Line by line, restate the material word for word, omitting any image.

GIVEN MATERIAL:
────────────────────

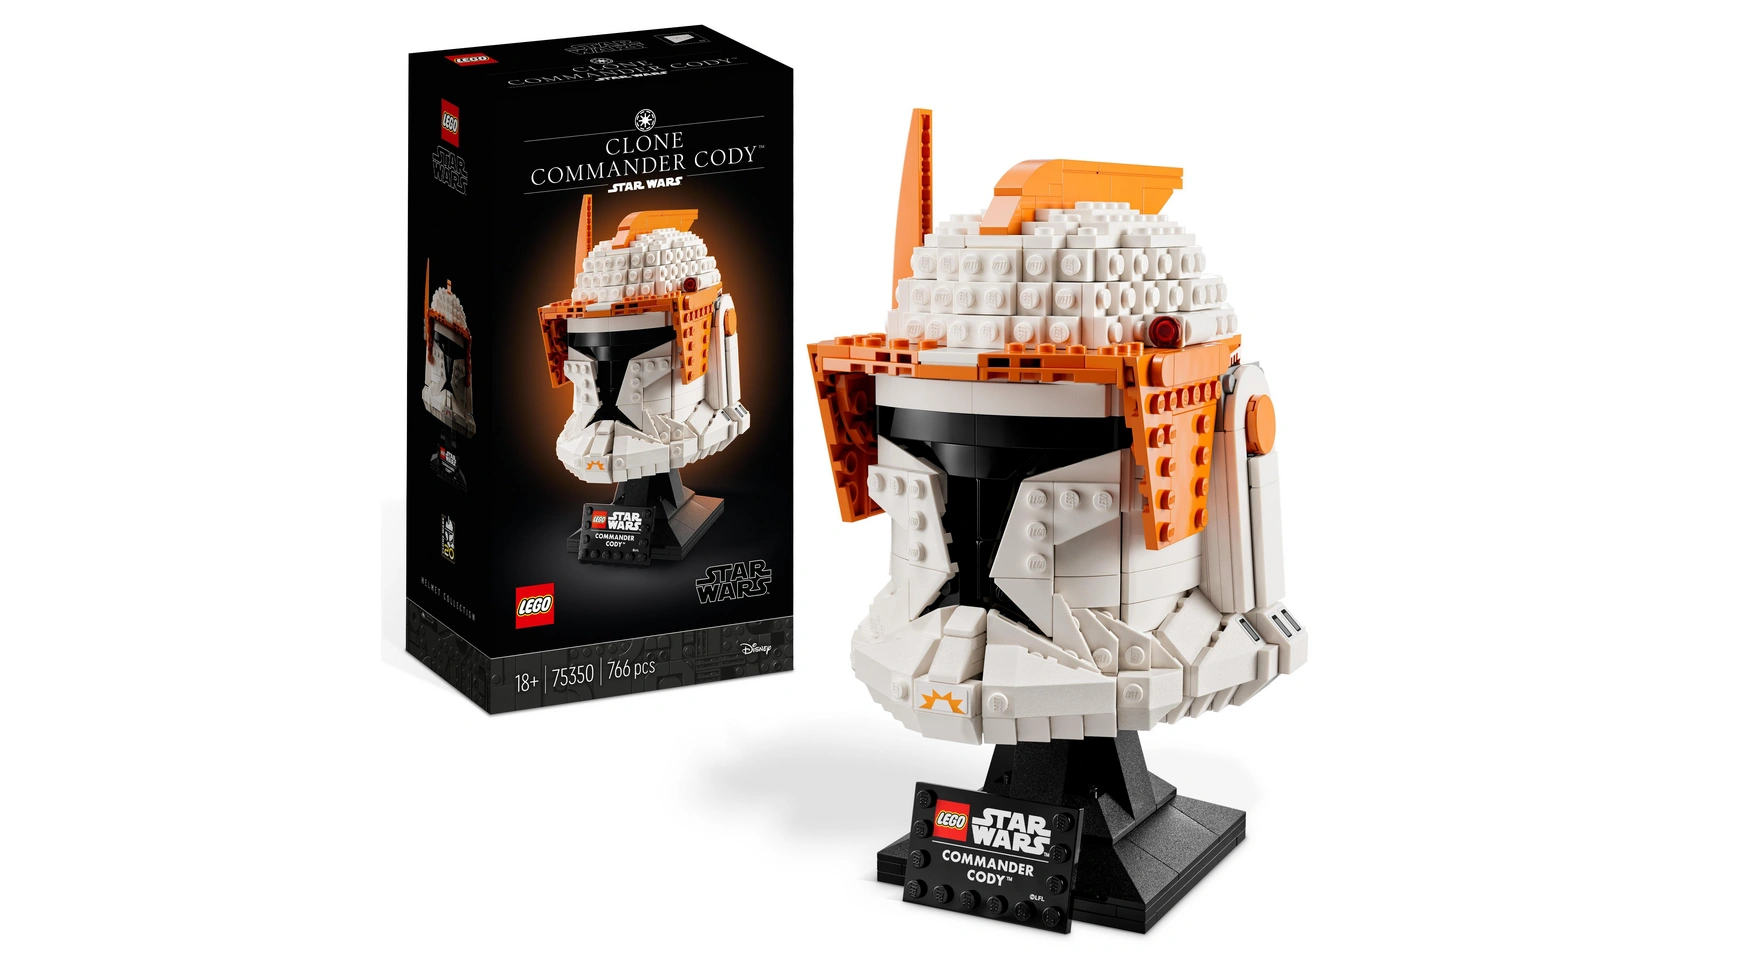 Lego Star Wars Набор шлемов командира клонов Коди для взрослых конструктор lego star wars 75307 звездные войны
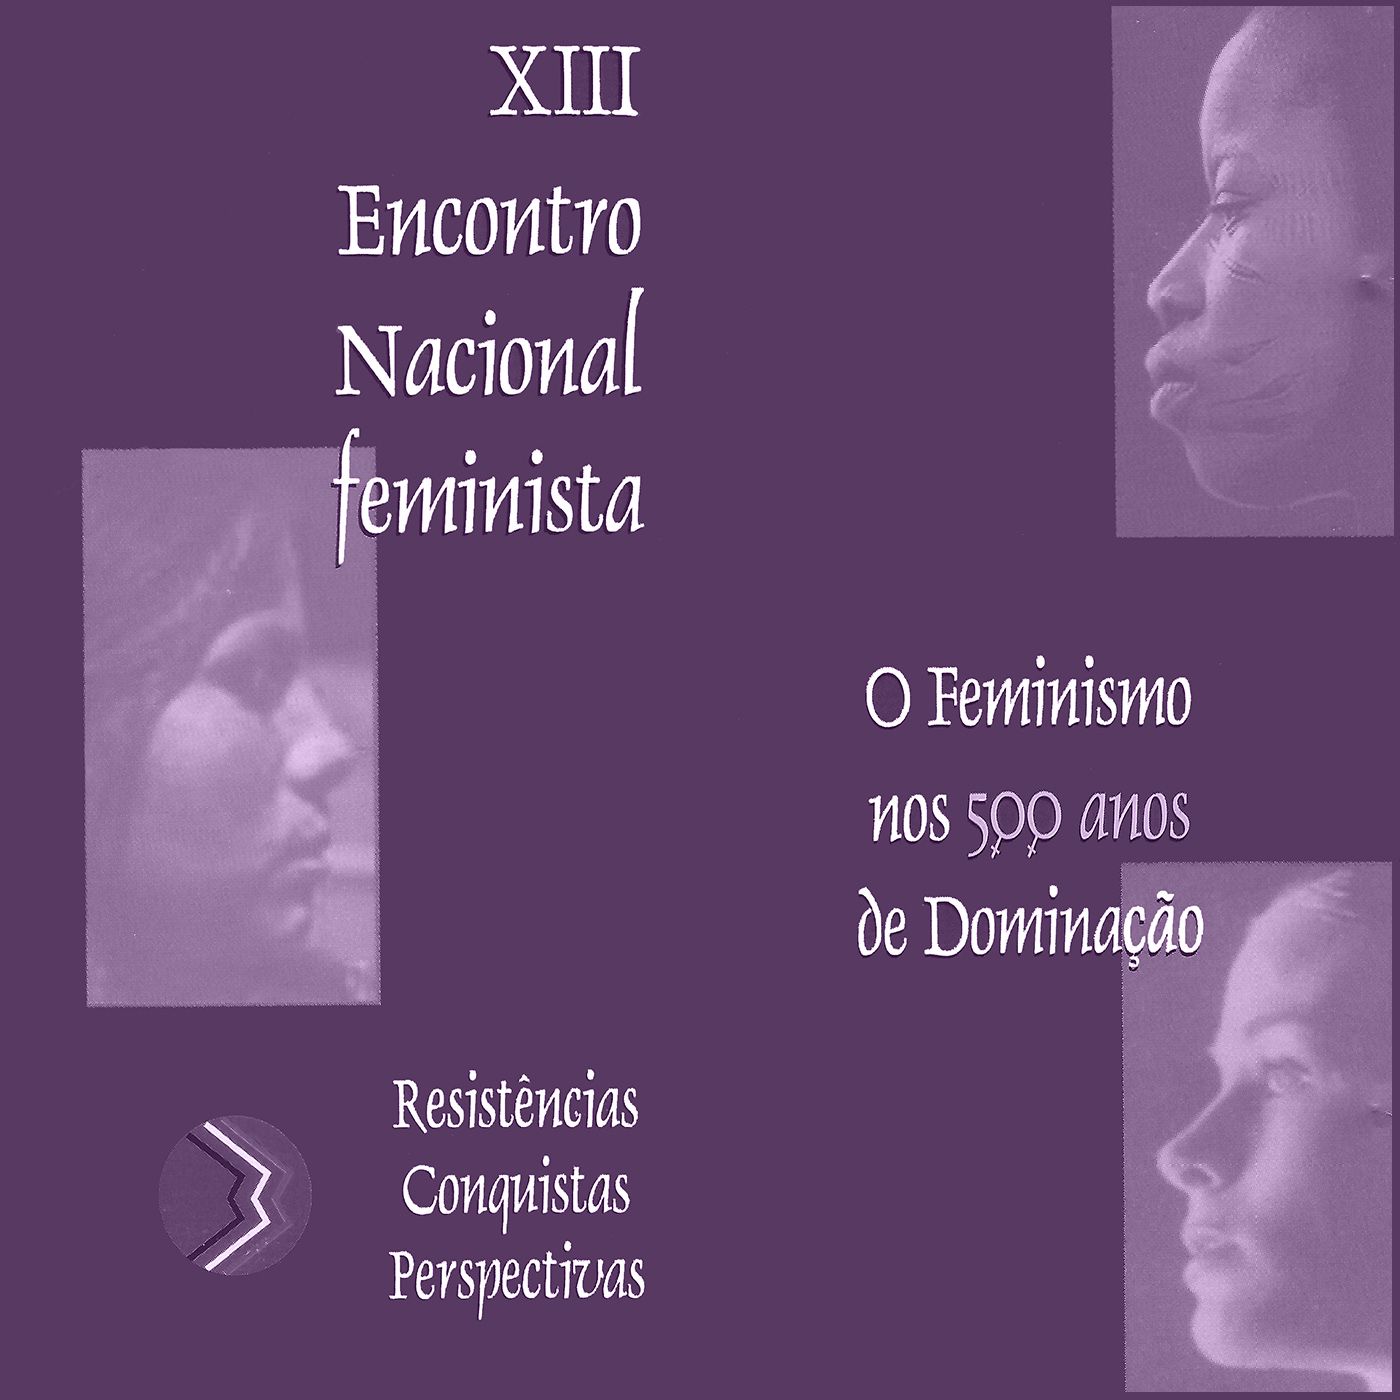 XIII Encontro Nacional Feminista - Eps. #2
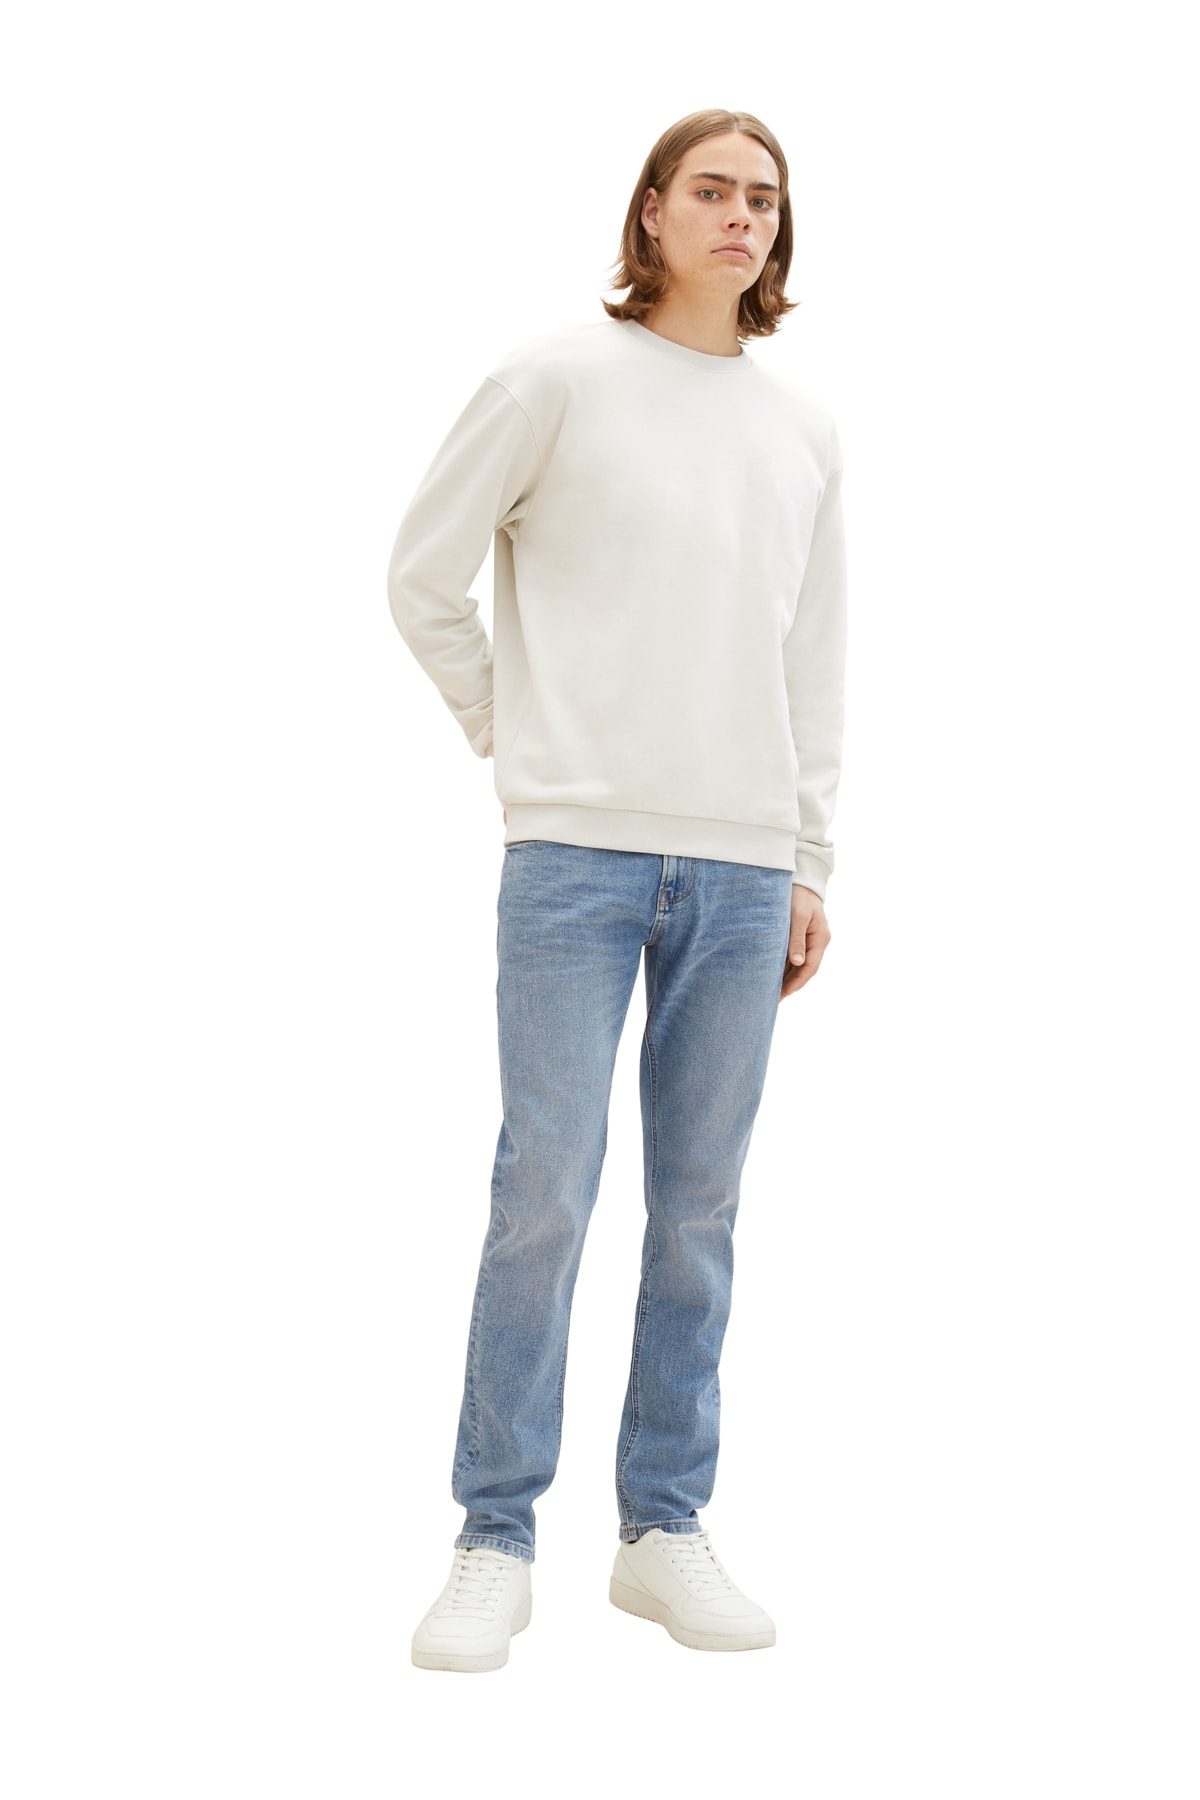 Джинсы - Серые - Прямые Tom Tailor Denim, серый джинсы серые прямые tom tailor denim серый

────────────────────

WRITTEN SOLUTION:
 Lego Star Wars Набор шлемов командира клонов Коди для взрослых конструктор lego star wars 75307 звездные войны
 XIII Encontro Nacional Feminista - Eps. #2
 Джинсы - Серые - Прямые Tom Tailor Denim, серый джинсы серые прямые tom tailor denim серый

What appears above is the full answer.